Befitting a franchise that appears headed to a 11th straight season without a playoff berth, the Kings even seemed to botch that.

On Sunday, Sacramento dealt Cousins and forward Omri Casspi to the New Orleans Pelicans in exchange for Tyreke Evans, 2016 first-round draft pick Buddy Hield, Langston Galloway and first- and second-round draft picks this summer.

 Kings part company with Cousins

The Sacramento Kings on Monday finalized a multi-player trade that sent DeMarcus Cousins (left) to the New Orleans Pelicans, where he will team up with fellow All-Star Anthony Davis (right). [Photo/USA Today Sports]

When asked why he didn't wait for a better offer closer to Thursday's trade deadline, Divac gave a curious response that raised more questions than it answered.

"Most likely we would get less because I had a better deal two days ago," Divac said. "I don't want to go into details. I don't want to discuss the process."

Cousins will now team Anthony Davis, another former Kentucky big man who has developed into an NBA All-Star in New Orleans.

Cousins has averaged 27.8 points and 10.6 rebounds this season and can become a free agent in 2018 unless the Pelicans can sign him to an All-Star caliber extension.

The Kings have not won more than 33 games in a season since drafting Cousins fifth overall in 2010 and they grew tired of his antics that included frequent run-ins with coaches, media personnel and officials.

He leads the NBA with 17 technical fouls this season, leading to a one-game suspension earlier this month. He will be suspended again after his next technical foul and every two beyond that for the remainder of the regular season.

Divac frequently mentioned culture and character when explaining the thought behind the deal, saying the franchise needed a change despite being only 1 1/2 games behind Denver for the final playoff spot in the Western Conference.
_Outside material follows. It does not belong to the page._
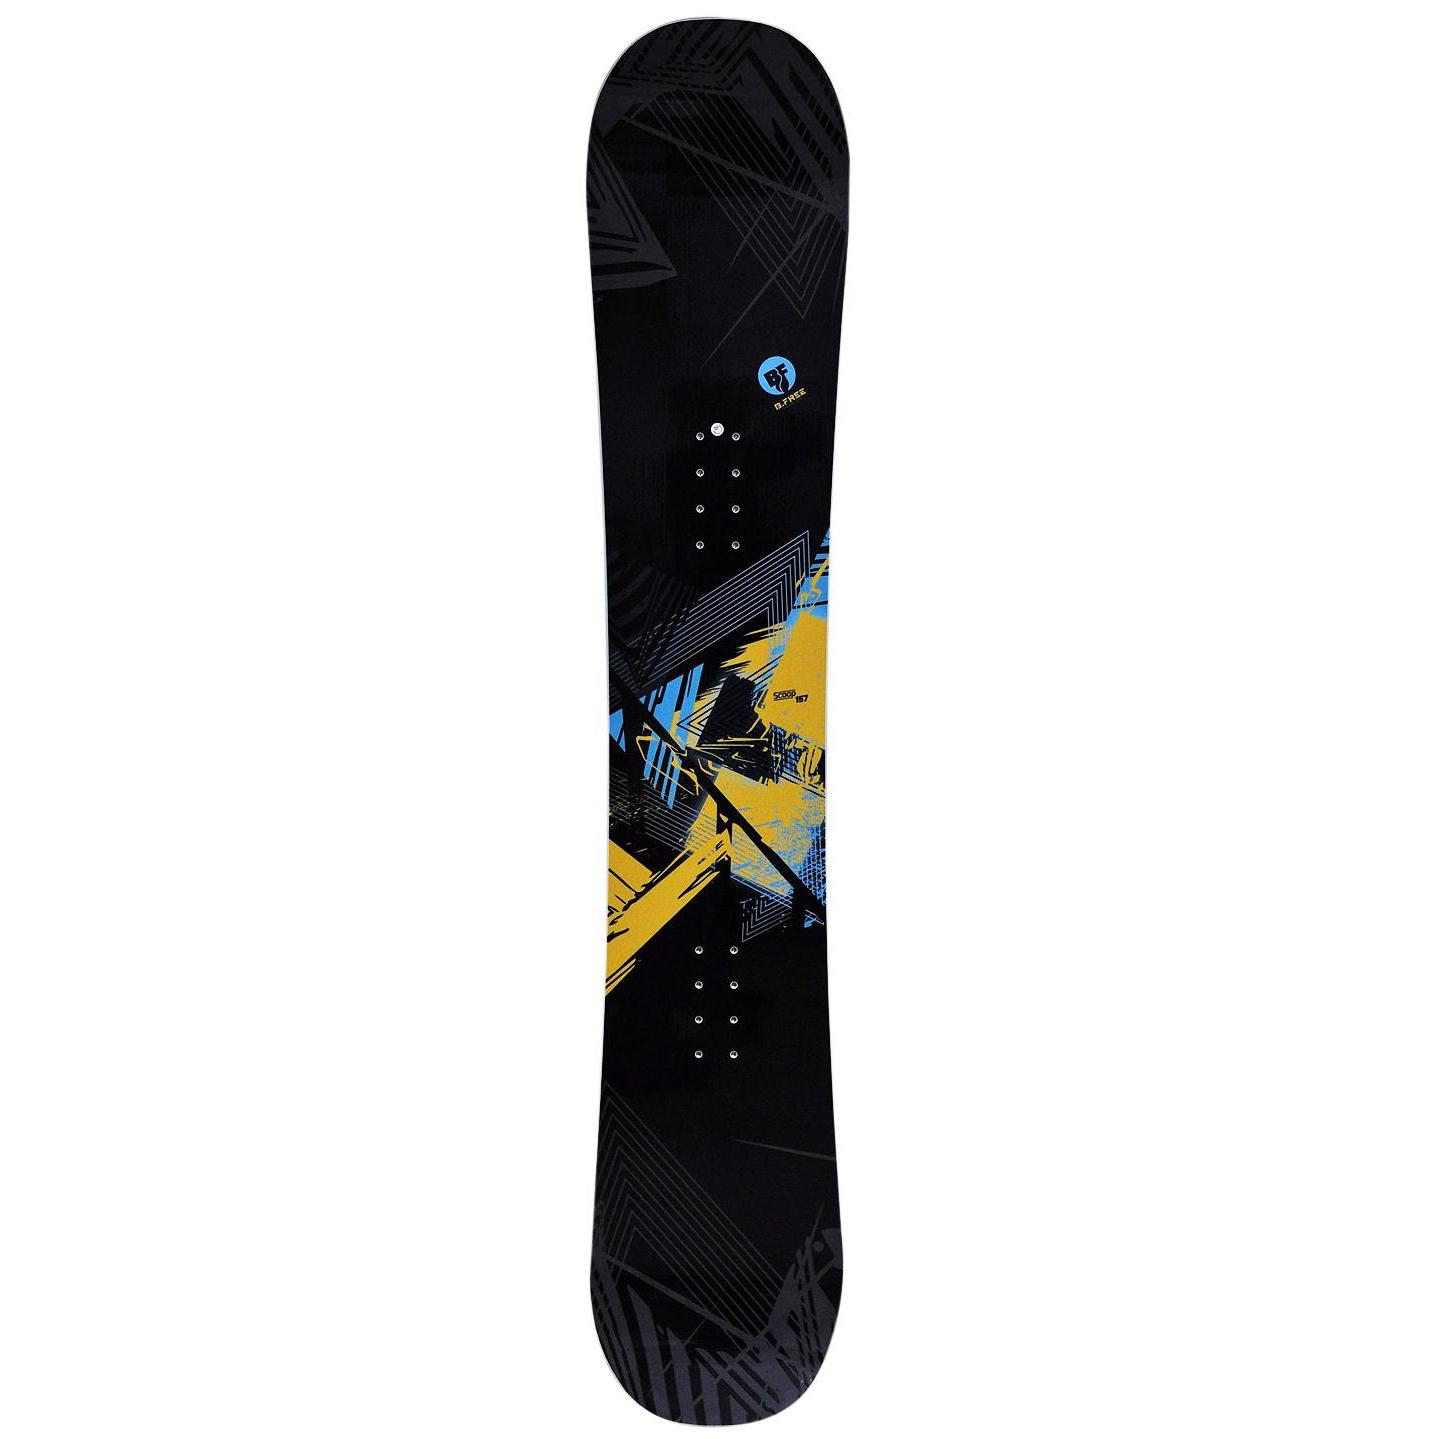 Сноуборд BF snowboards Scoop 2019, 166 см

"I really love DeMarcus," Divac said. "I think he's a great kid. It just wasn't a fit right now with what we're trying to do. I wish him all the best. I hope this will have a positive effect on his career."

The deal to pair Cousins with Davis sends a message that the Pelicans are more concerned with making a 25-game push for the playoffs this spring then where they'll be drafting next offseason.
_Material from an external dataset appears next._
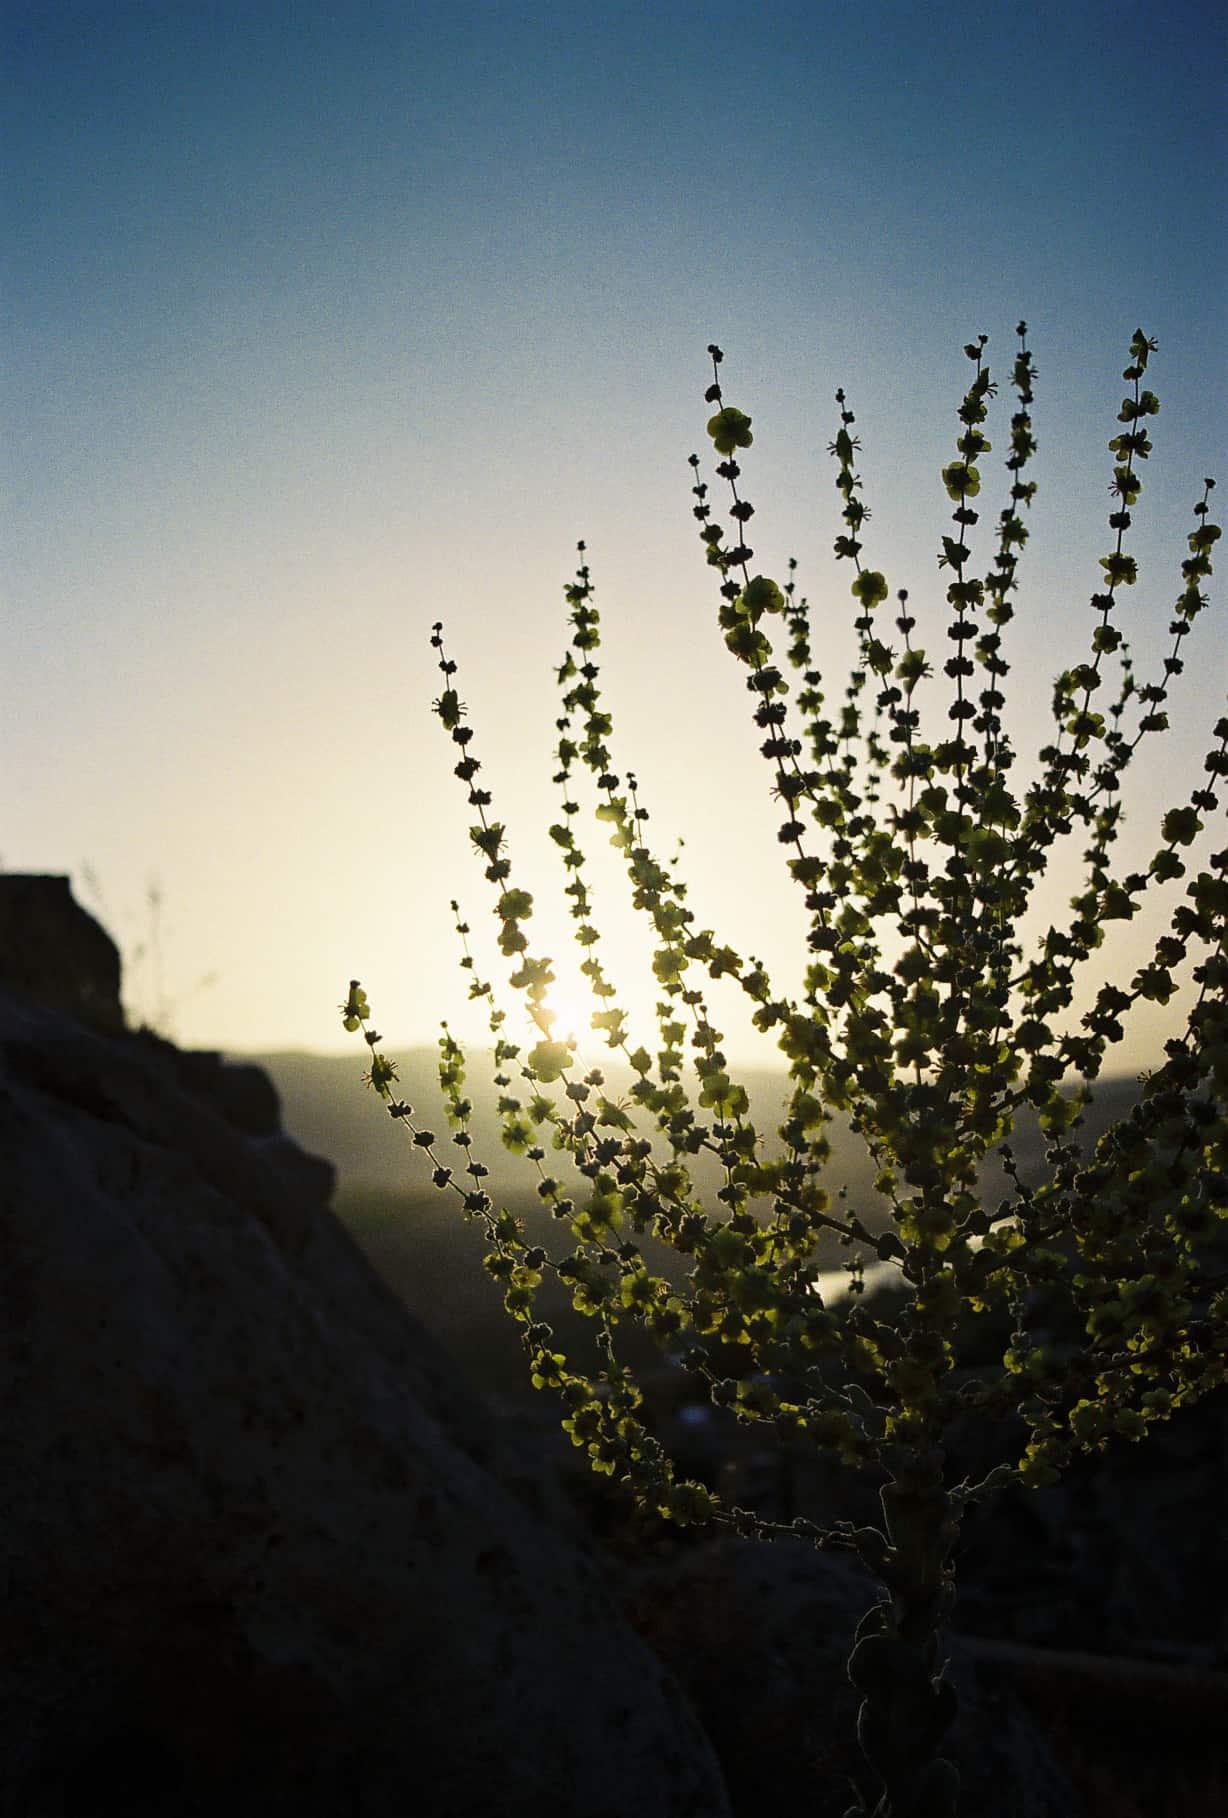 Strange Plants at Sunrise

New Orleans GM Dell Demps' previous attempts to provide Davis a requisite supporting cast has been under increasing scrutiny as losses have mounted. The Pelicans are 23-34, 2 1/2 games out of the final playoff spot in the West with 25 games left.
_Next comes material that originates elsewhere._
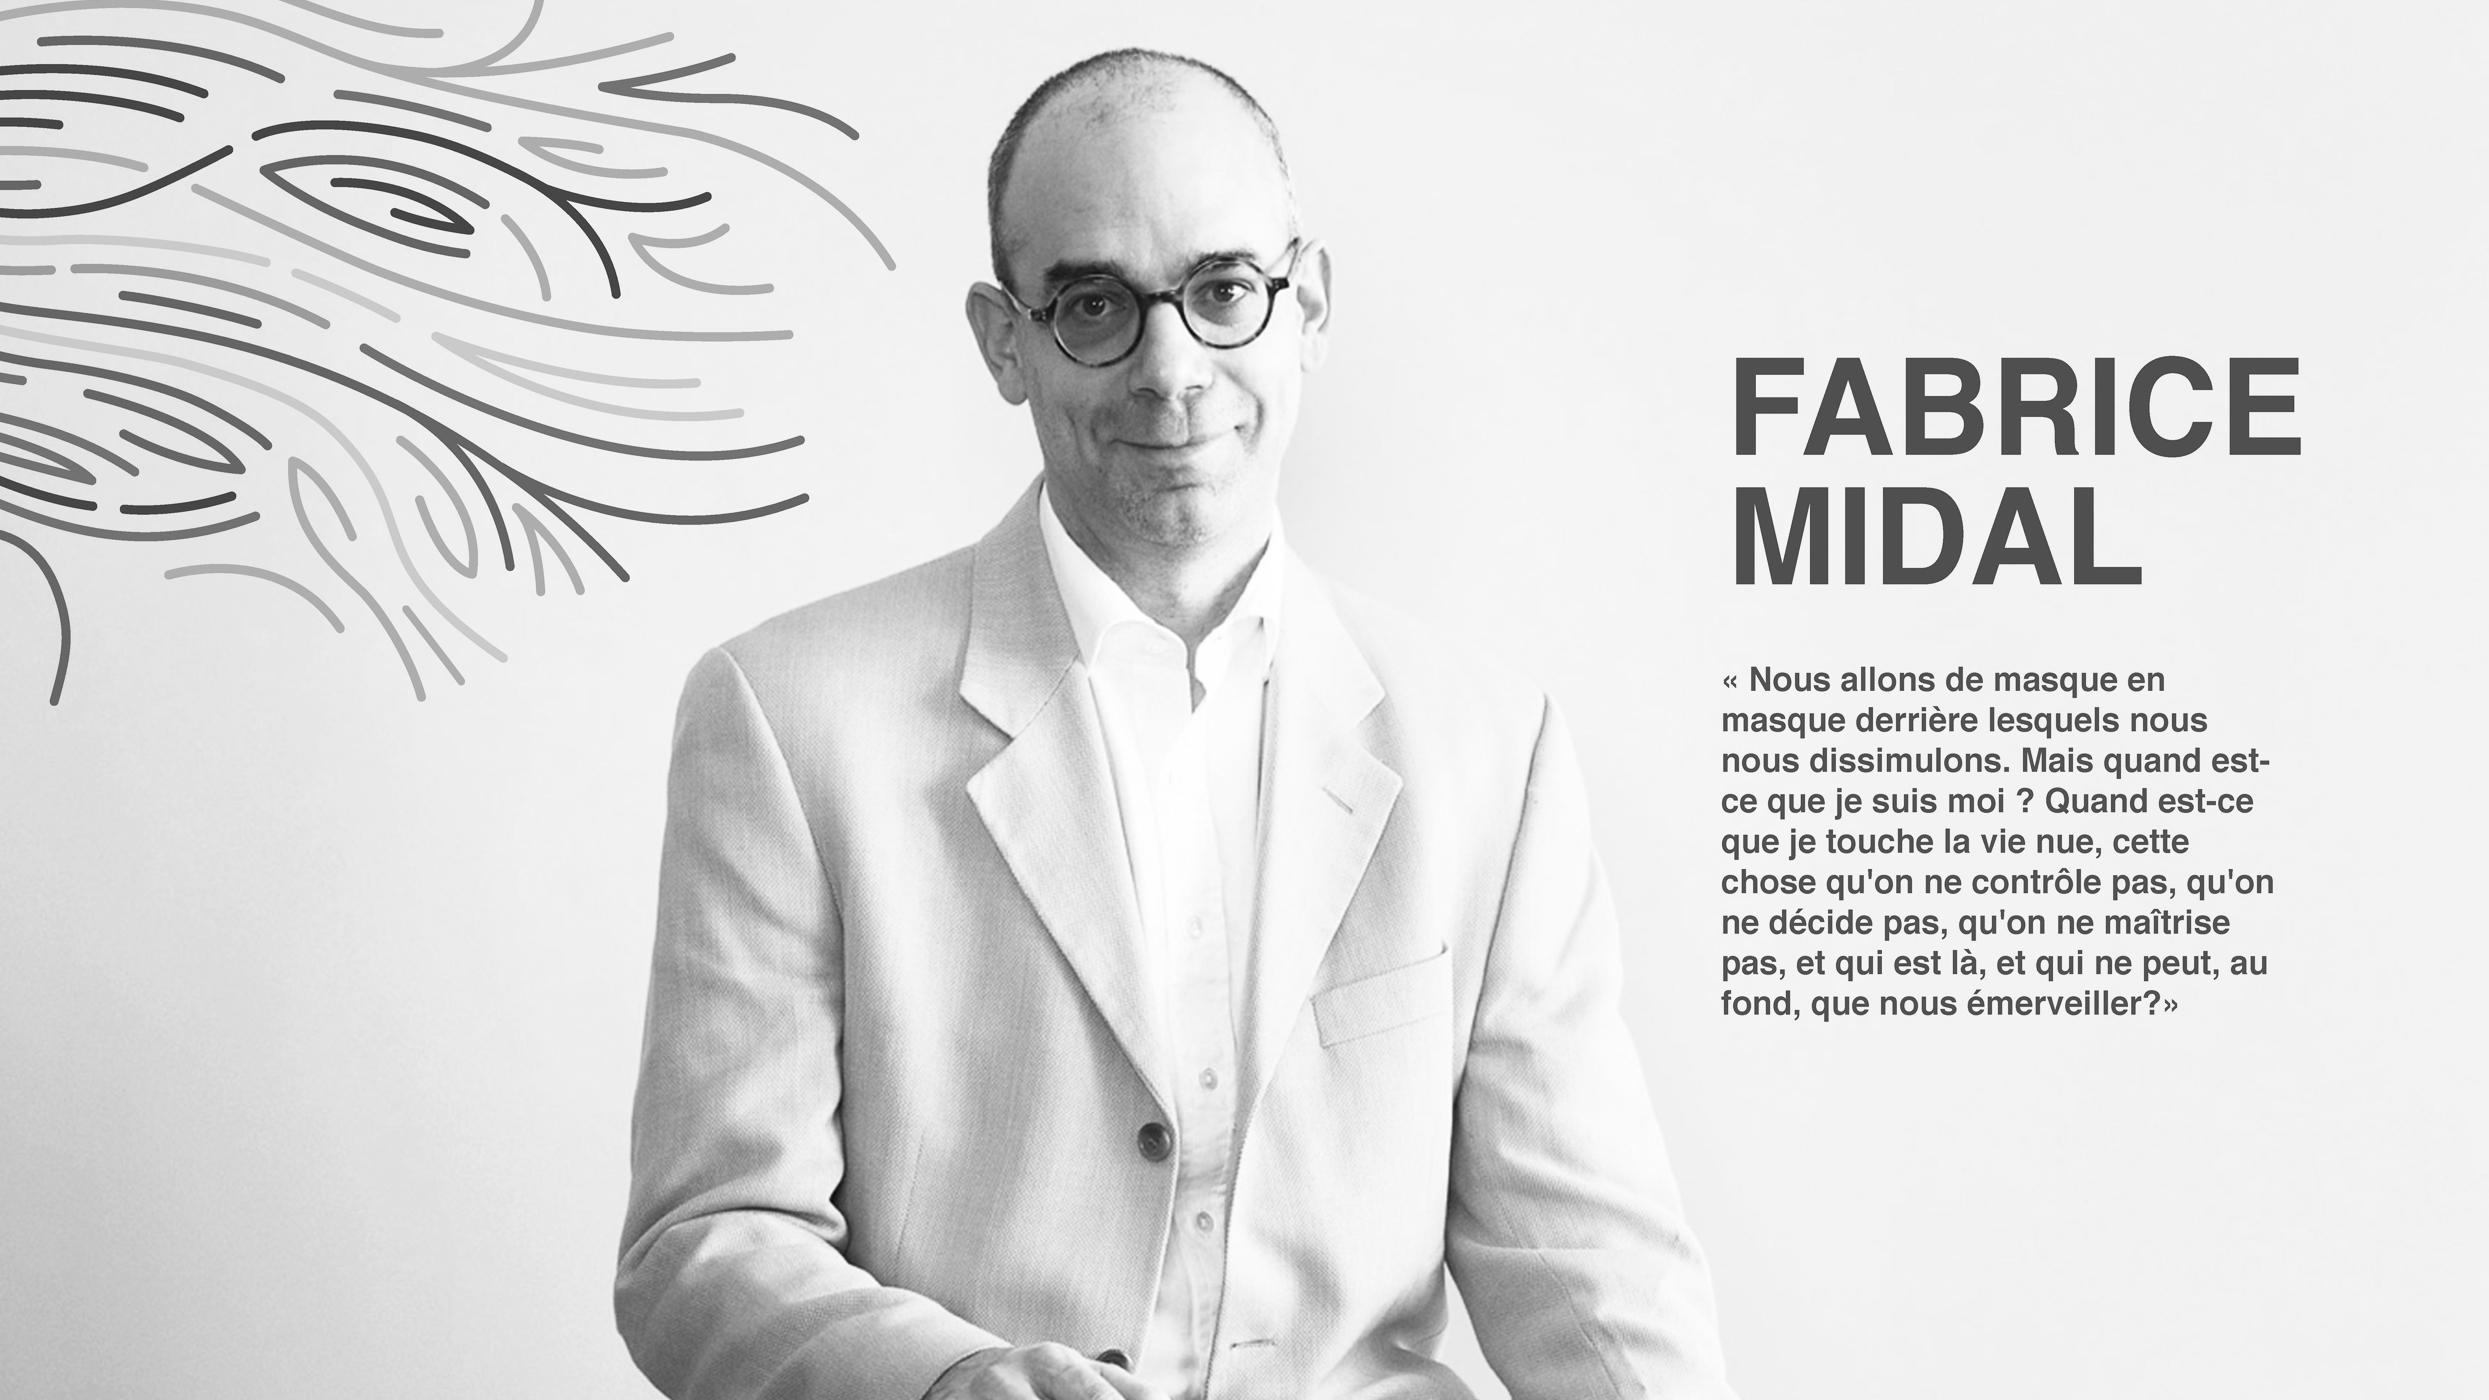 FABRICE MIDAL 14h00

When the deal was made official on Monday, Demps thanked Pelicans owner Tom Benson and top executives Mickey Loomis and Dennis Lauscha for their "continued support and providing the resources for us to be successful".

"This is an exciting time for Pelicans fans as we continue our quest for long-term success," Demps said.

The Kings, who are a game ahead of the Pelicans in the standings, will now enter rebuilding mode without Cousins.

Sacramento could deal other veterans for prospects or picks before Thursday's deadline, but even the rebuilding plan has issues.

The Kings could be forced to swap first-round picks with Philadelphia this year and also owe the 76ers an unprotected 2019 pick as part of a trade in July 15 made to create salary-cap room to sign Rajon Rondo, Kosta Koufos and Marco Belinelli. Only Koufos is still in Sacramento.

This trade does increase the Kings' chances at two first-round picks this year because they only have to give up their top pick to Chicago if it falls outside the top 10.

"We feel very strong about this draft this year," Divac said. "It's very strong, stronger than the past few years. It's time to start fresh."

The Kings also get the 23-year-old Hield, who won the Wooden Award at Oklahoma last year before being drafted sixth overall by the Pelicans.

Hield has struggled as a rookie, averaging 8.6 points per game in 20.4 minutes per contest, while shooting 39.2 percent from the field and 36.9 percent from 3-point range.

"He's talented guy," Divac said. "His work ethic is exactly what we want here."

Evans, who can play point guard, shooting guard or small forward, will be entering a second stint in Sacramento, where he was drafted in 2009 and went on to be NBA rookie of the year. Galloway has been a solid reserve, providing scoring punch from the perimeter. Casspi has been playing about 19 minutes a game for the Kings this season, averaging 5.9 points.